Clearly the Windows GDI drivers are heavily optimized for 2D performance, but why is the Direct3D streaming performance so poor?

Here's what I'm doing for OpenGL:
  Texture format:  GL_RGBA8, GL_BGRA, GL_UNSIGNED_INT_8_8_8_8_REV
  Texture update:
    glBindTexture()
    glTexSubImage2D()
    glBegin(GL_TRIANGLE_STRIP)
    ...

I'm not doing anything fancy with pixel buffer objects, I'm just making sure that my data is in the optimal format for processing by the OpenGL drivers.
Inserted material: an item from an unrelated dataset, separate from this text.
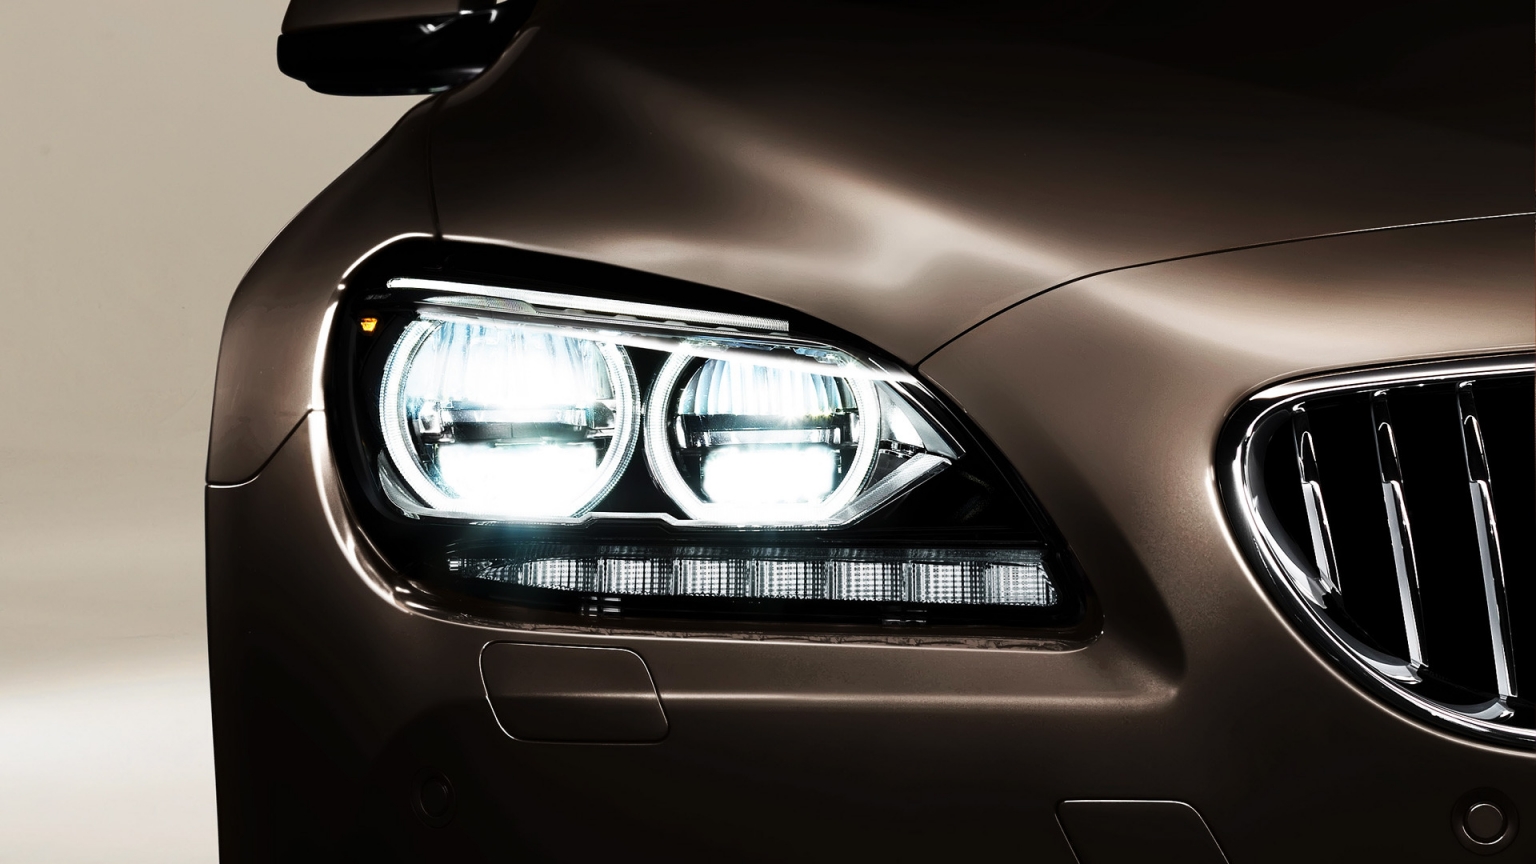 BMW 6 Series 2013 Headlight for 1536 x 864 HDTV resolution

Here's what I'm doing for Direct3D:
    Device Setup:
    pparams.BackBufferCount = 1;
    pparams.SwapEffect = D3DSWAPEFFECT_DISCARD;
    pparams.PresentationInterval = D3DPRESENT_INTERVAL_IMMEDIATE;


    Texture create:
    device->CreateTexture(width, height, 1, D3DUSAGE_DYNAMIC, D3DFMT_A8R8G8B8, D3DPOOL_DEFAULT, &texture, NULL);

    Texture update:
    texture->LockRect(0, &locked, NULL, D3DLOCK_DISCARD);
    texture->UnlockRect(0);
    device->DrawPrimitiveUP(D3DPT_TRIANGLEFAN, 2,
 vertices, sizeof(*vertices));

    ...

For those who are curious, the full code can be found here:
http://www.libsdl.org/tmp/SDL-1.3.zip

So... does anyone know how to improve Direct3D texture streaming performance?

Thursday, February 3, 2011

New SDL API changes

I've been quiet the last week working on a massive restructuring of the SDL rendering API.  The result is a simpler, easier to use, and easier to port system.